Pensava eu que deveriam ter vivenciado aquela escuridão diversas vezes, mas, pela ferocidade com que piavam, sempre se esqueciam de modo com que jamais poderiam se acostumar com a aparente novidade.
À época não consegui cogitar castigo mais cruel e muito sofisticado, já que foi forjado de maneira não intencional; disse que o dono da loja me parecia um completo obtuso, então não se pode culpá-lo. Atribuí o responsável pelo castigo como sendo Deus que, ou era um sacana ou um irresponsável que vê o erro de sua cria e não a corrige; mesmo que o erro cause grande dor a outro. Haveriam mesmo favoritos?
Não dormi a noite.

Mas eu via que o que fechava a loja era um cadeado e sabia que uma chave estrela, como a que minha família tinha, quando engatada corretamente no cadeado cria um efeito alavanca que o quebra.
Domingo esperei que o mundo dormisse e saí.
O vento vindo da Serra do Curral era fresco e a lua cheia, tão insone quanto eu, me acompanhava quieta e impassível, dessensibilizada pelo tédio de quem já viu tudo.
Alcancei a loja e o silêncio era sepulcral quando meti o pé na alavanca improvisada e o cadeado caiu no chão de lajotas vermelhas. Abri uma fresta. Tomei para mim os periquitos que há pouco dormiam na gaiolinha.

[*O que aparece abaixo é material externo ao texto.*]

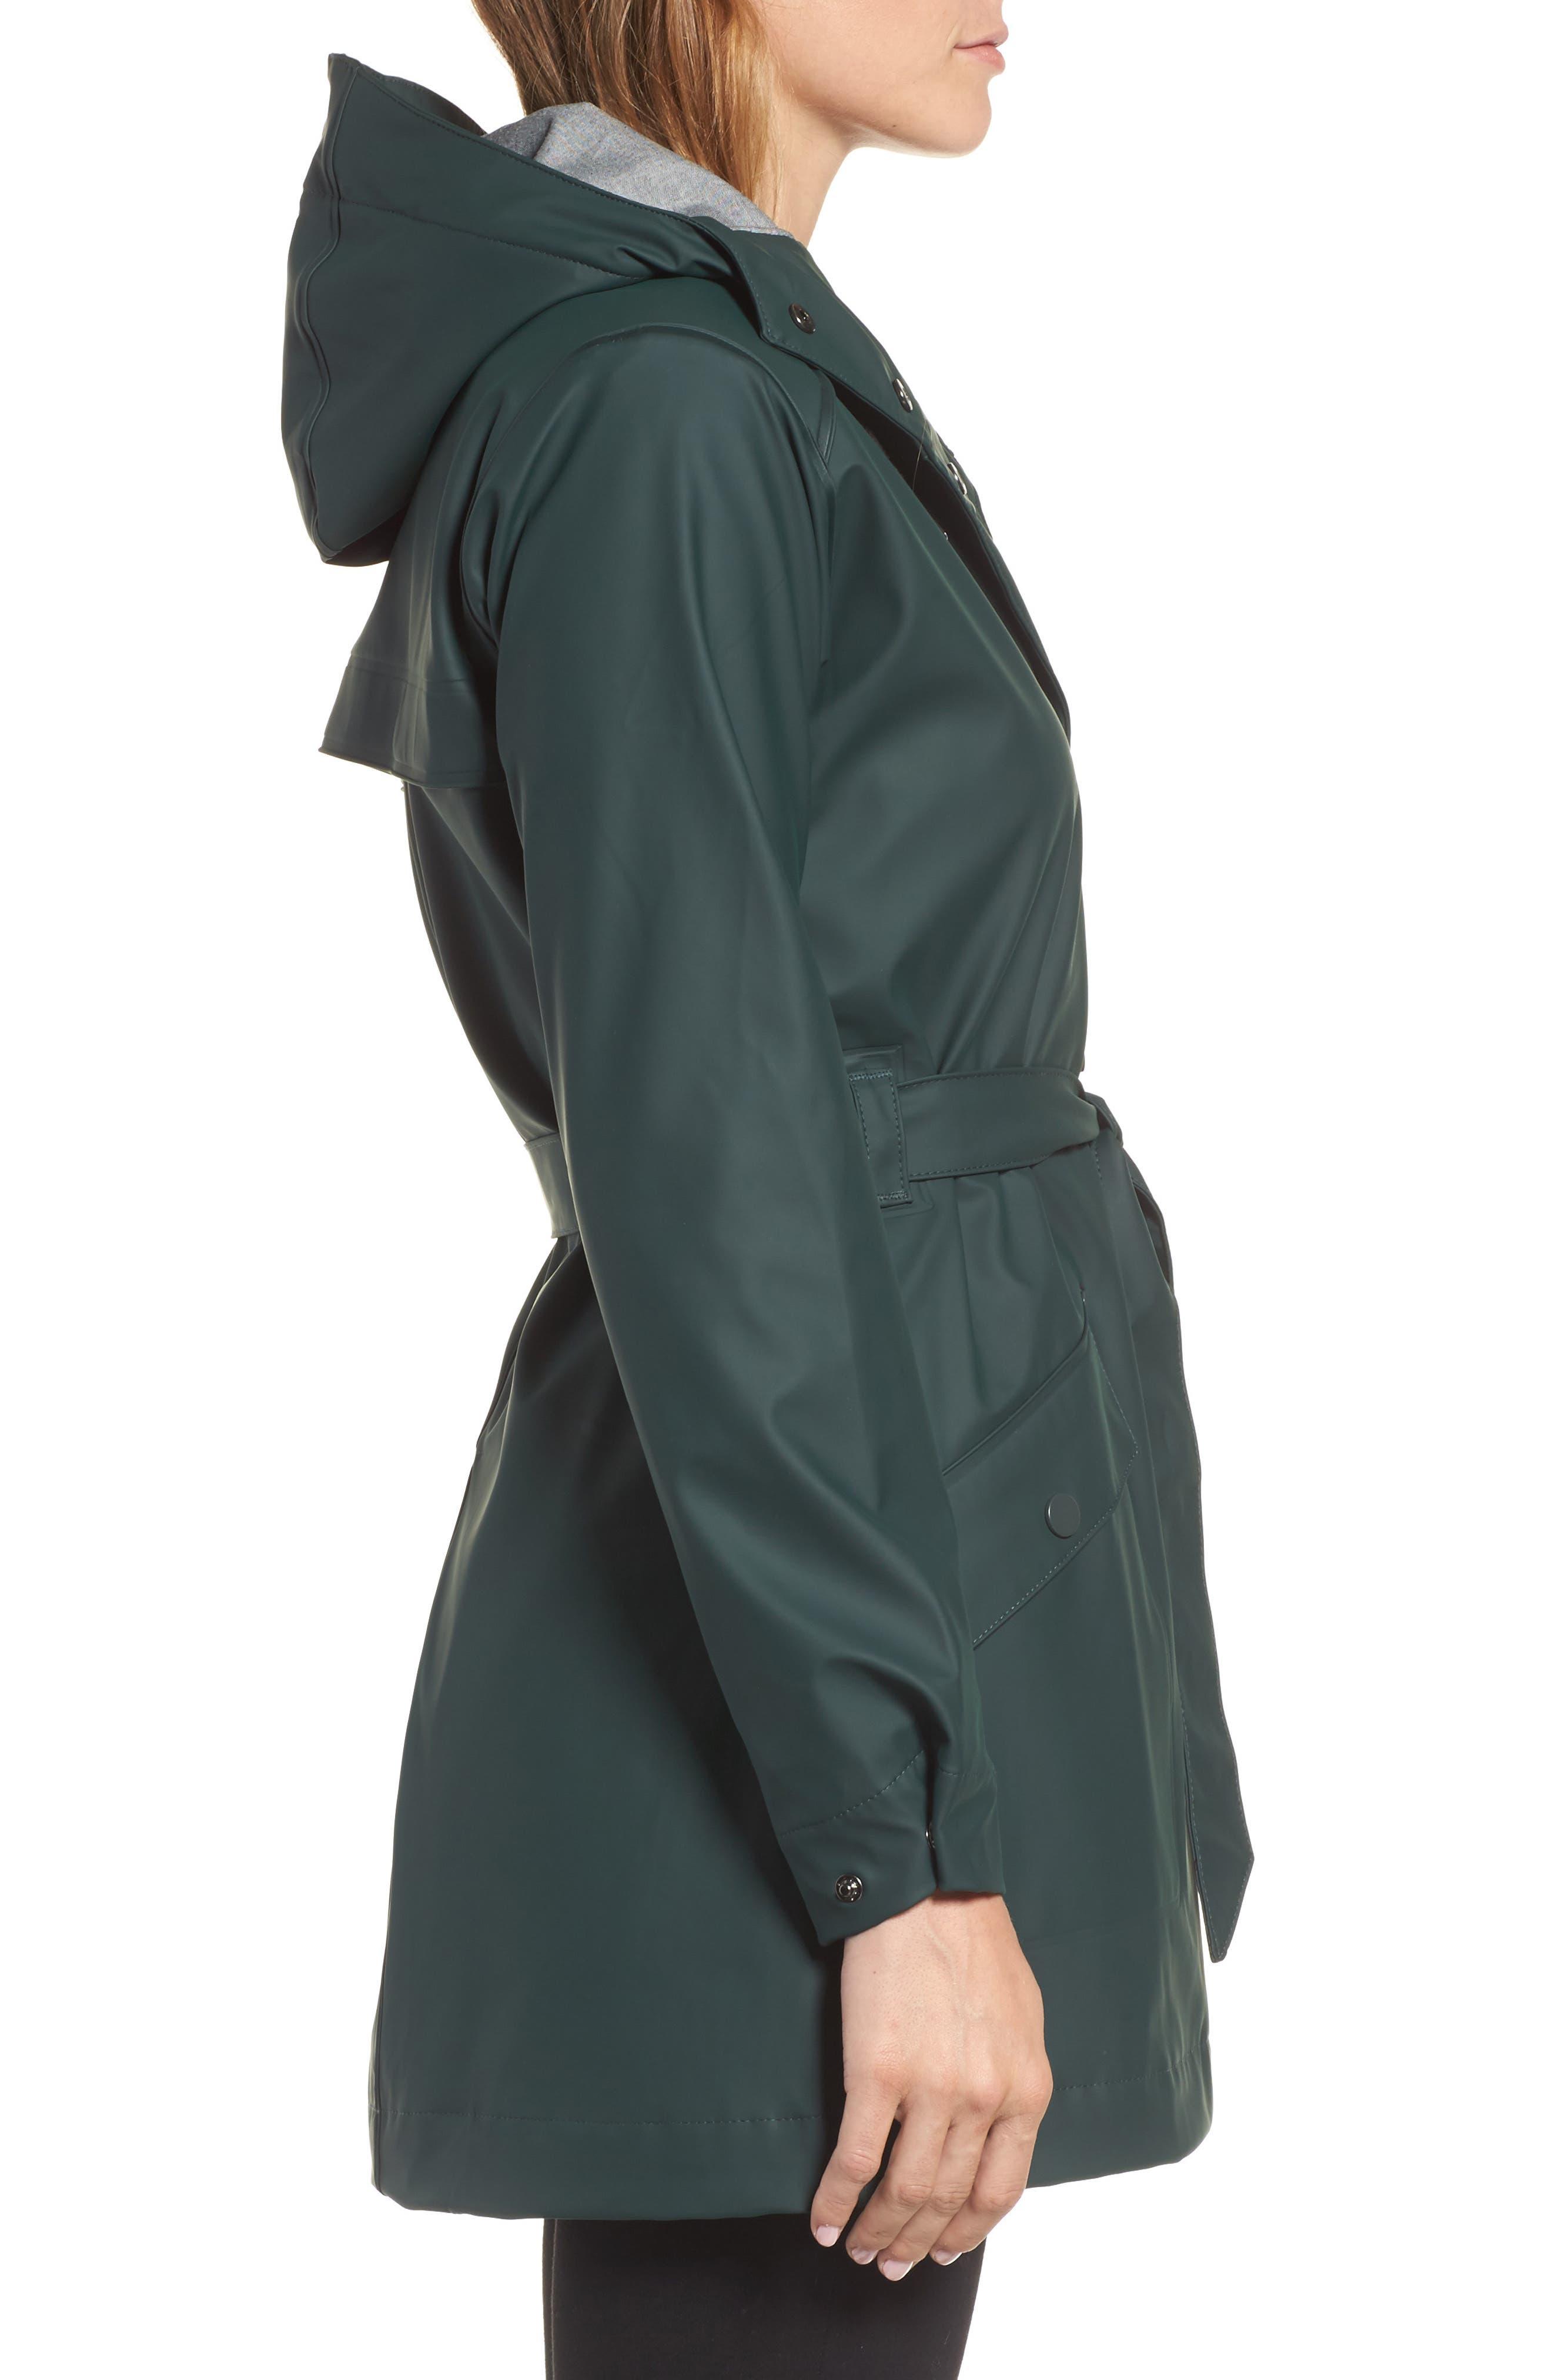 Kirkwall Raincoat,                             Alternate thumbnail 3, color,                             Darkest Spruce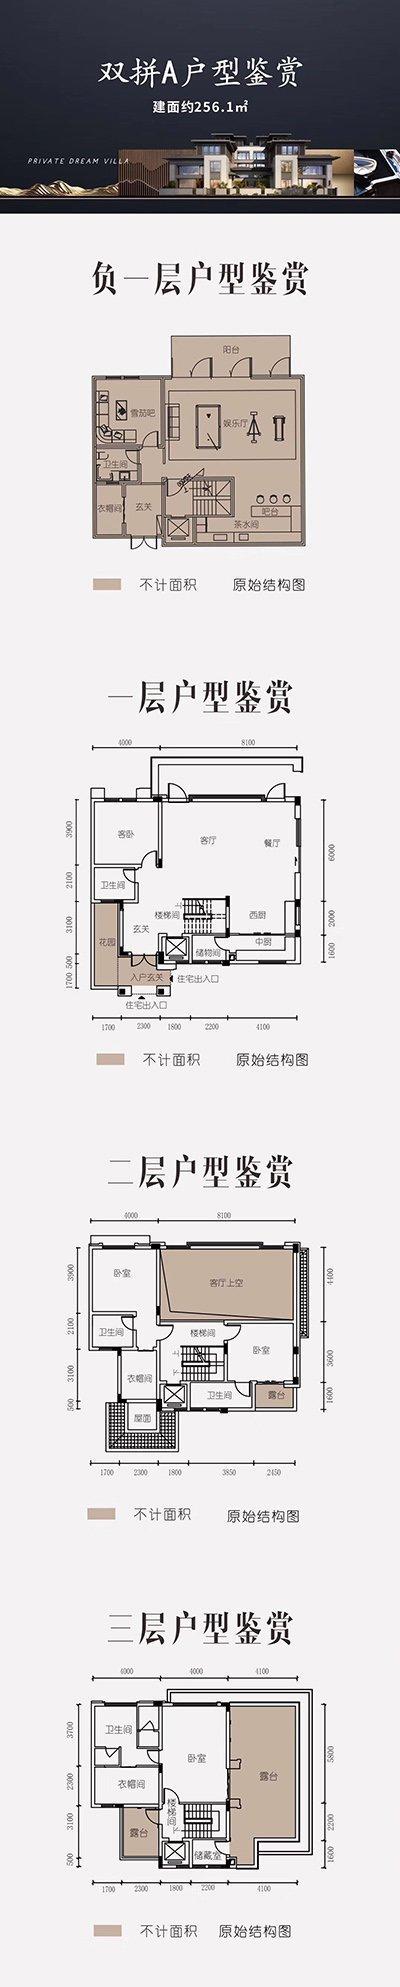 九龙坡区白市驿上邦高尔夫国际社区新房双拼A户型户型图

Em casa os escondi no jardim da melhor forma que pude. Na segunda feira, quando ficava sob os cuidados da faxineira e da televisão, os retirei.
Me olhavam com uns olhos lindos, puros e infantis. Não piavam, apenas me encaravam curiosos.
Meti rápido a mão na portinhola para libertá-los. Esta era a minha mais honesta intenção, pois não se podia contar com o bom senso dos adultos nem de Deus e aquilo me afligia profundamente. Antes, olhei mais uma vez para aqueles olhinhos tão puros.
A impotência que vi me deu ódio. A incapacidade de lutarem por si me causou profundo desprezo. De maxilares tensos, contei dez segundos, lentamente, na esperança de que piassem para que o som desfizesse minha ira, mas o silêncio era ensurdecedor "burros!", "incompetentes!" Compreendi que salvei-os porque a aventura me apetece, não por bondade.
Os prendi em um armário escuro e os deixei. A sumária traição, a maldade deliciosa e irracional, além do esvair das esperanças tão dadas como certas dos periquitos, caso pudessem compreender o que se passava, pintaram-me um enorme sorriso. Naquele momento não compreendi Deus, mas ao menos a humanidade.
Dias depois, foram encontrados mortos.


Madrugada de oito de junho, finalizado dia 30 de dezembro de 2022

21/06/20

Lembro-me da sala de estar. E do desconforto a cada vez que ela passava com seu passo desajeitado, seus suspiros e uma característica interjeição curta de desagrado "tsc" que lhe vinha à boca, que eu imaginava estar cheia de saliva, e me acertava a cara. Aquele "tsc", de tanto babar nojentamente no meu ouvido, me fazia sentir desconfortável entre as pernas.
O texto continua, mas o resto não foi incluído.